4) The "Down Round" Is No Longer a Stigma
In 2026, 23% of all U.S. venture rounds are down rounds or flat rounds (PitchBook, H1 2026). That's up from 15% in 2024 and 8% in 2021. The stigma has faded. LPs and VCs now view down rounds as a sign of discipline, not failure.
Why this matters for founders: If you raised in 2021 at a $200 million valuation on $5 million ARR, and you're now at $15 million ARR, your valuation should be $150-250 million. If you insist on $300 million, you'll wait 12-18 months and end up at $120 million in a structured round. Take the flat round now, preserve option pool, and earn the upside in the next round.
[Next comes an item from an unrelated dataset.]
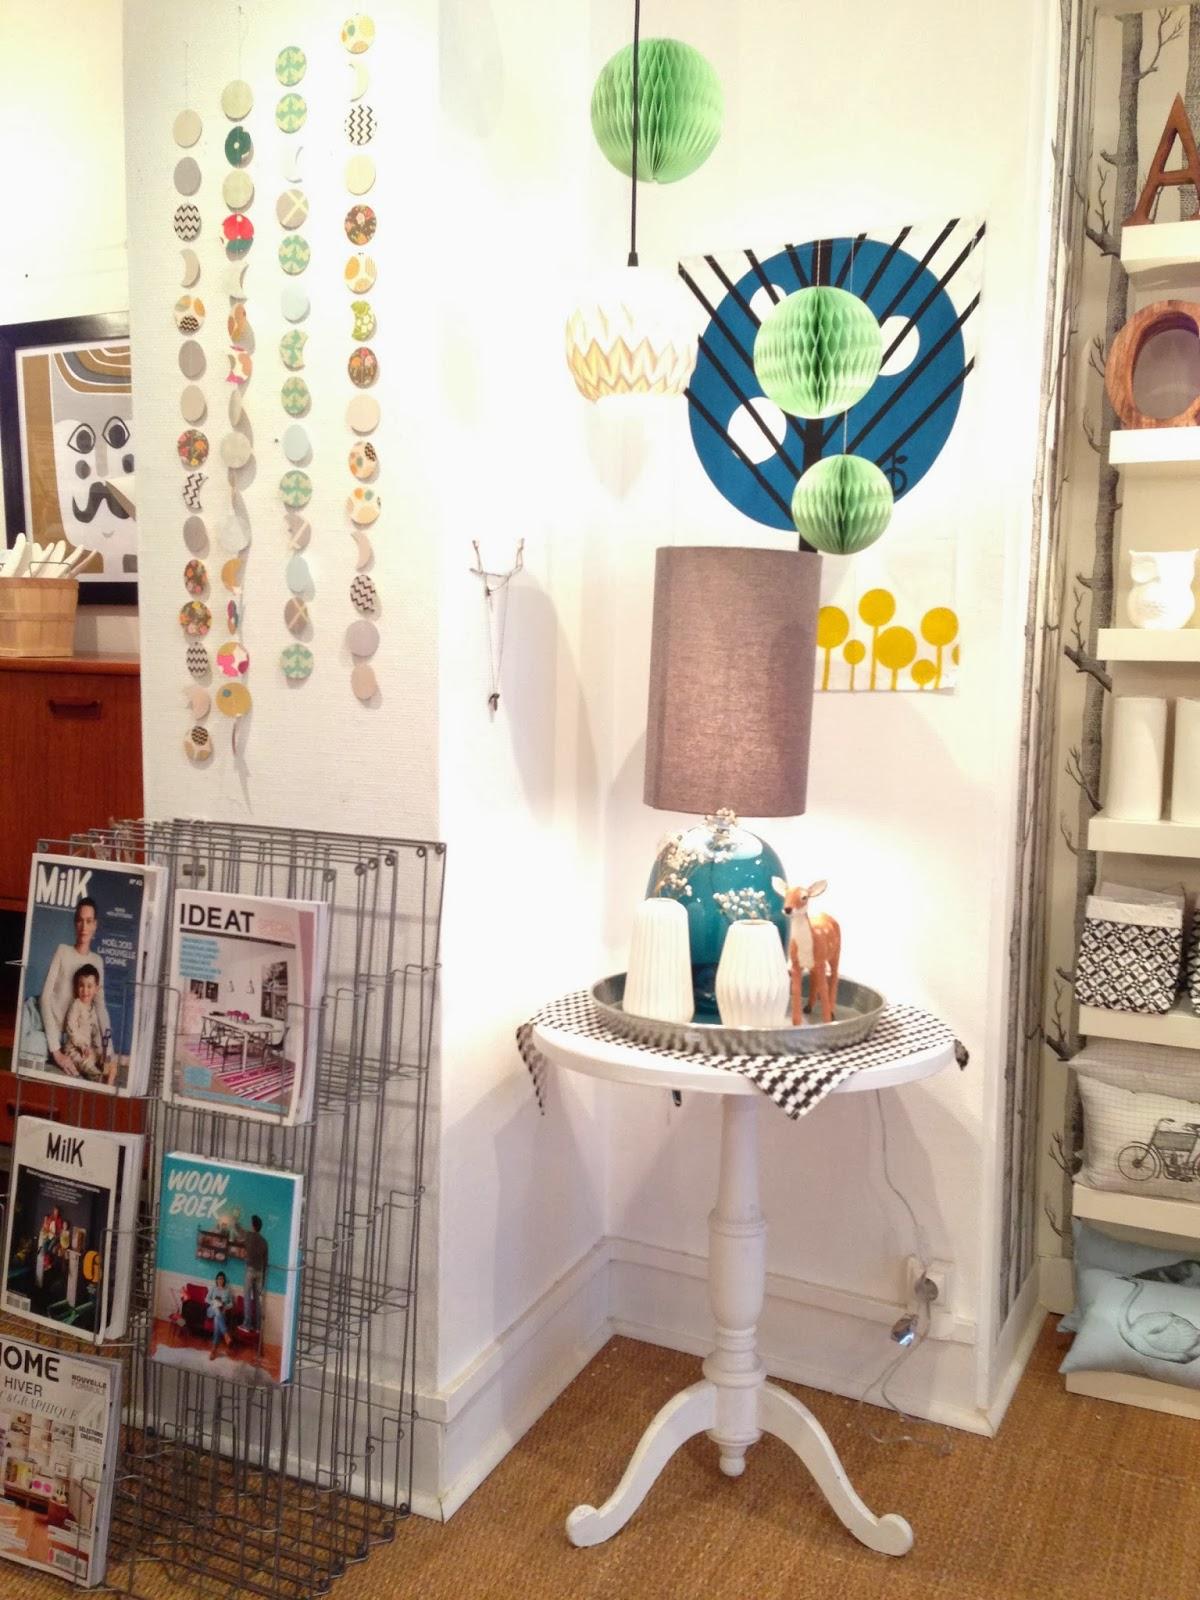 Home scandinave la boutique d 39 inspiration nordique - Boutique scandinave en ligne ...

Case study: A B2B SaaS company raised a $50 million Series B in 2021 at a $500 million valuation. By 2025, ARR had grown from $8 million to $25 million, but growth had slowed from 200% to 40%. The company raised a $30 million Series C in March 2026 at a $450 million valuation (flat from the Series B after a 10% option pool dilution). The CEO publicly described it as "a reset to reality." The company hit $40 million ARR in Q3 2026 and is on track for a $600-800 million Series D in 2027.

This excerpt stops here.